On Thursday, January 9, 2014 7:02:36 AM UTC-8, Dmitry Vyukov wrote:
>
> On Tue, Jan 7, 2014 at 12:42 PM, Rajiv Kurian 
> <[email protected]<javascript:>> 
> wrote: 
> > I am trying to design a lock-free or close to lock-free hash map of int 
> keys 
> > and int values. I have a single writer thread that writes to the 
> hash-map. 
> > My efforts to do better than a RW mutex around the map haven't yielded 
> > anything good. My gut feeling says I should be able to do better given 
> it's 
> > a single writer. I have the following requirements: 
> > 
> > 1) A single-writer multiple reader map of int keys and int values. 
> > 2) Keys are guaranteed to be monotonically increasing. These are just 
> ids 
> > and are generated by incrementing an integer. 
> > 3) The operations I need are: 
> > 
> > append(key, value) where key is guaranteed to be higher than anything in 
> the 
> > map so far - only called on the writer thread. 
> > delete(key) - only called on the writer thread. 
> > set(key, value) where key is required to be already in the map - only 
> called 
> > on the writer thread. 
> > get(key) - could be called by writer/reader threads. 
> > 
> > 4) All the reader threads and the single writer thread are known during 
> the 
> > creation of the map. Reader threads do not pop up or die. They stay 
> constant 
> > for the lifetime of the application. 
> > 
> > I am struggling to use anything cheaper than RW locks (changed for a 
> single 
> > writer) for the implementation since the delete and append operations 
> could 
> > require resizing of buckets or moving elements around and the reader 
> threads 
> > could observe the changes in between. 
> > 
> > Any pointers? 
>
>
> Hi! 
>
> The most efficient solution is always tailored to your particular 
> situation. Lots of details matter. In particular in this case: 1. what 
> is the number of reader threads? 2. what is the relative frequencies 
> of different operations?

Number of reader threads = num cores - 1, so all but one core should be 
reading.
Writes are vastly outnumbered by reads, that's all I know for now. I am 
trying to build a framework so, the real ratio is dependent on the 
application and kind of unpredictable.

>
>
> Also the fastest way to do something is to not do it all. 
> Can you replace integers with pointers? Even if you send them across 
> network, you can verify that the received pointer is valid before 
> using it, e.g: 
>
> #define MAX_OBJECT_IN_FLIGHT (1<<20) 
>
> object_t objects[MAX_OBJECT_IN_FLIGHT]; 
>
> bool verify_pointer(object_t *o) { 
>   if(o < objects || o >= objects + MAX_OBJECT_IN_FLIGHT) 
>     return false; 
>   if(((uintptr)o - (uintptr)objects) % sizeof(object_t)) 
>     return false; 
>   // OK, this is a valid pointer into objects. 
>   // A client can spoof it, but he can spoof the integer as well. 
>   return true; 
>
 

> } 
>
> --

Hmm, I am not sure what you mean. Are you saying that since my int is an id 
of an object I might as well deal with the pointers to that object instead 
of having extraneous look ups by ids? For more context I am trying to 
design an actor system like Erlang. IDs instead of pointers help because 
there are extraneous requirements like persisting actor state and ids 
across runs of the applications. The hash map helps with scheduling actors 
to threads. There are num core - 1 dispatcher threads actually running the 
actor logic. These are the reader threads that I talked about. They are 
connected by a mesh of SPSC queues/ring-buffers. Each dispatcher thread 
(which is running actor logic) needs to check where an actor (id) is 
scheduled so that it can enqueue a msg on the right queue.
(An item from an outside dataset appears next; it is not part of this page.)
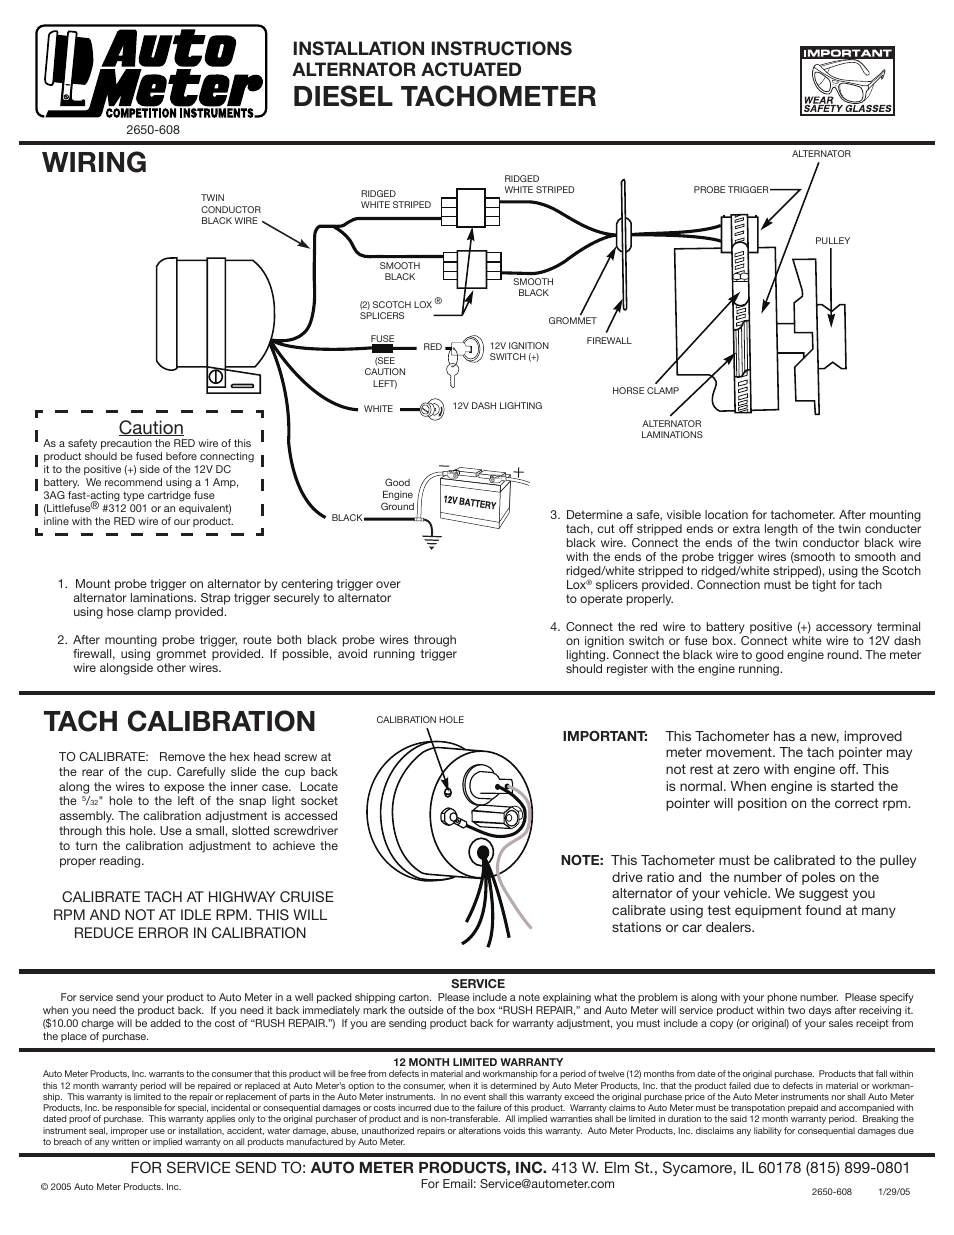 Autometer Tach Wiring | Wiring Diagram - Autometer Tach Wiring Diagram
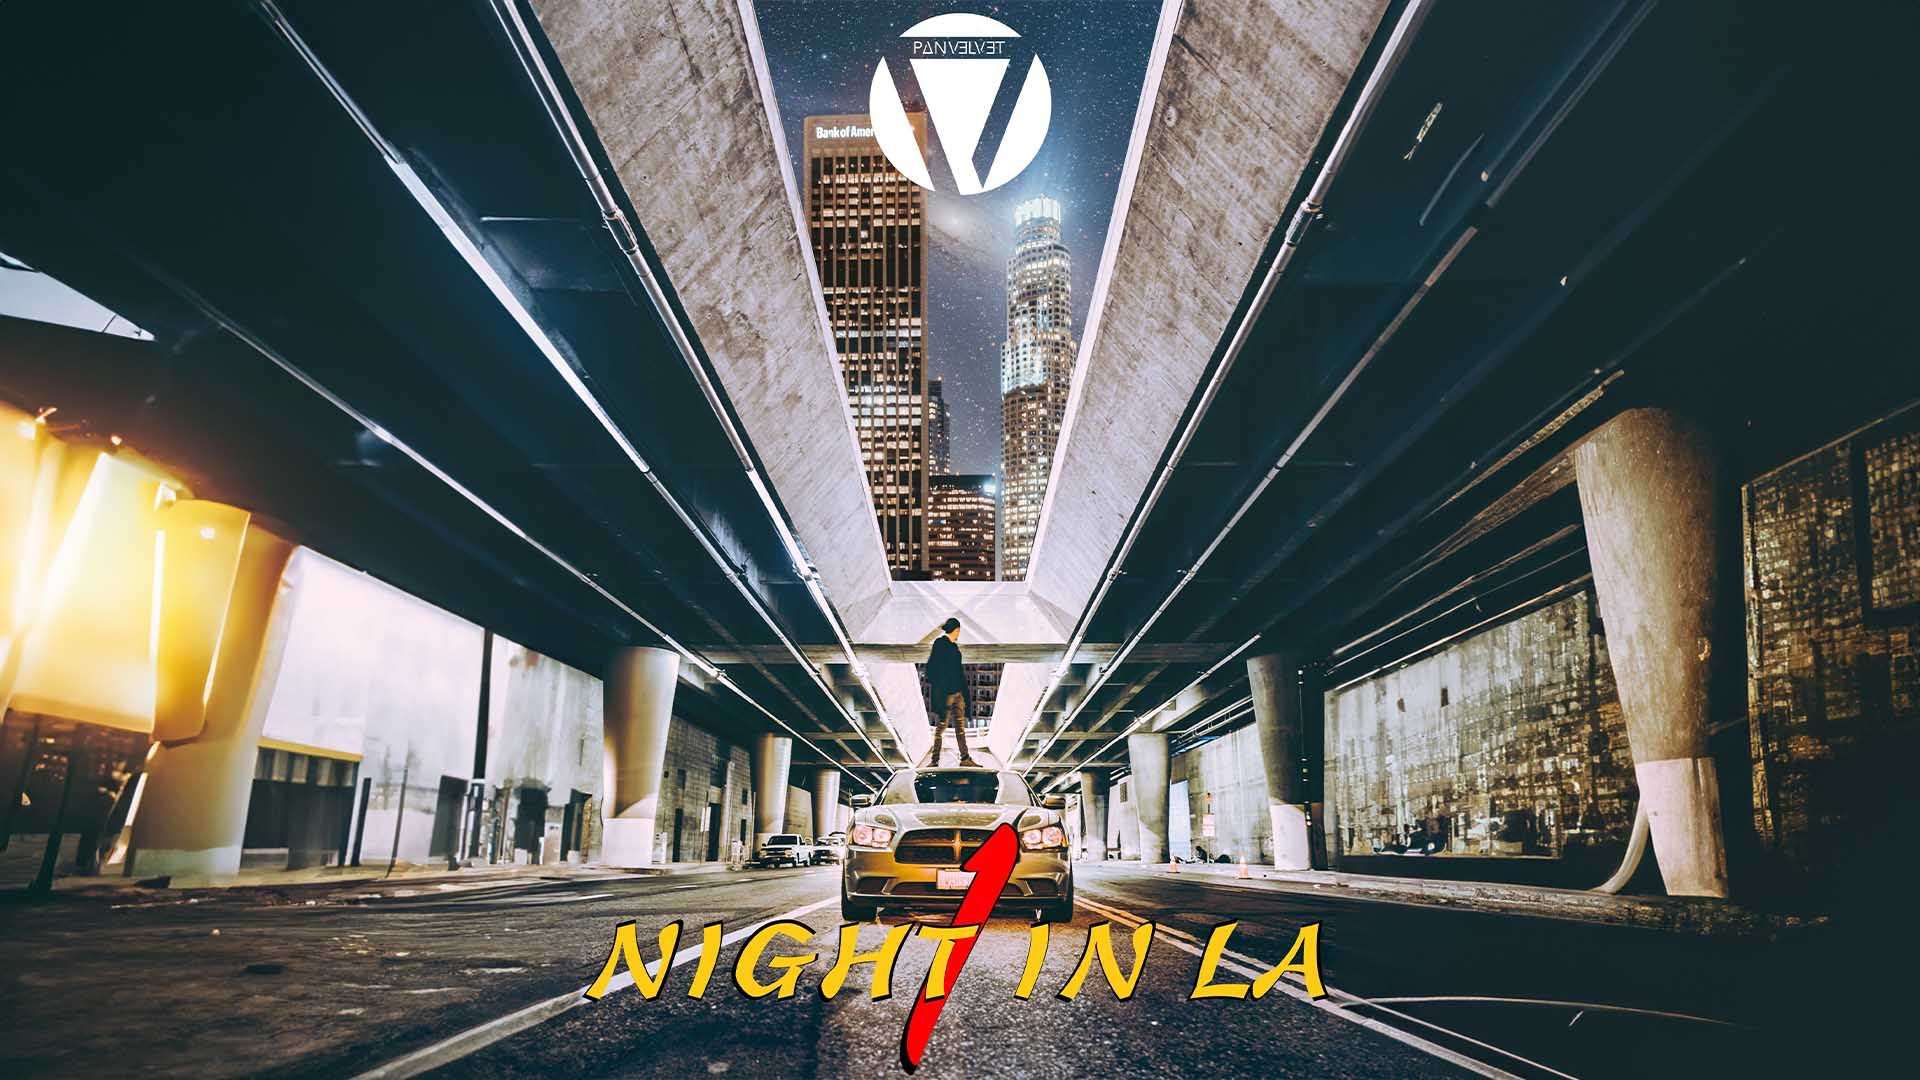 1 NIGHT IN LA 洛杉矶的一夜 短片

There is a 
single writer thread which actually does the scheduling of actors to 
dispatcher threads. This is the writer thread that writes to the hash map. 
 Having pointers won't save me from doing the look ups since I cannot use 
the pointer to actually execute a function. I need to know where an 
object/actor is scheduled to run. The operations I need in context are:

1) Append(actorId, dispatcher-id). This is called by the single writer 
thread, when a new actor is created and hence the monotonically increasing 
appends.
2) Set(actorId, dispatcher-id). The single scheduler thread observes 
patterns like certain actor pairs communicating a lot, or dispatchers 
becoming imbalanced (queue length, queue drain rate etc). Based on these 
metrics it can choose to move an actor(s) from one dispatcher to another. 
There are other steps involved here that I am omitting.
3) Delete(actorId). An actor has just died hence it's deleted from the 
central directory.

On your suggestion of specialization, something I thought of is that since 
I already have communication channels between the writer thread and the 
reader threads (ring-buffers that they poll on), I could use it as an 
opportunity to do updates such as resize/compaction etc. I am using a 
closed  addressing hash map implemented by 2^n buckets of key value arrays. 
Since ids are monotonically increasing, an append will never displace 
another value. The only time value of an existing cell changes is:
i) There is a compaction (too many deletions).
ii) A rebalance event occurs, resulting in Set(actorId, dispatcher-id) 
calls. 
iii) An append call will cause a bucket to run out of space or cause the 
load-factor of the table to be too high. This will cause wholesale 
restructuring of the hash-map - allocation and free of one or more buckets 
or increasing the number of buckets etc.

If I size my map appropriately (massively oversize) then compaction and 
append running out of space events should be rare enough. Rebalance in 
general should be rare enough and stablize with time. Rebalance also 
requires other coordination in any case - dispatcher threads need to stop 
processing messages of the transitioning actors etc. So what I could do is 
any time the writer thread requires to change the structure of the hash-map 
I could wait for a safe point by signalling a map-about-to-change event to 
all the other threads and waiting for them to acknowledge. Once they 
acknowledge (it means they are just busy waiting for end-of- map-change 
event) I could make as many changes as I want to the internal structure of 
the map and then signal end-of-map-change. The reader threads will now be 
caught up with all the changes and can proceed. The nice thing is all get 
calls can proceed without any locks. Append calls are always making changes 
to previously unaccessed cells so a normal load of the cell should be fine 
for get calls. All of this is based on the hypothesis that resize, 
compaction and set calls will be infrequent. 
 

>
>
> Then if you can limit the difference between the newest and the oldest 
> object, then you can use a ring buffer with direct indexing. If a 
> reader asks for a very old object (older than the threshold), then, 
> sorry, no luck. 
>
> -- 
>
> If you can not afford to reject requests for very old ids, but you 
> expect them to not happen in common case, then you can have fast path 
> for recent ids and slow path for older ids. E.g.: 
>
> // We do not expect to receive requests for ids older than this 
> #define N (1<<20) 
>
> struct table_element { 
>   int key; 
>   int val; 
>   table_element_slow* slow; 
> }; 
>
> table_element table[N]; 
>
> int find(int key) { 
>   int idx = key % N; 
>   table_element* e = &table[idx]; 
>   if(e->key == key) 
>     return val; 
>   // consult e->slow 
>   // this can be slow, but we do not expect this to happen in common case 
> } 
>
> This needs special care wrt atomic accesses to key/val, and also some 
> protection for slow, and other details. But I hope the idea is clear. 
>
I think so.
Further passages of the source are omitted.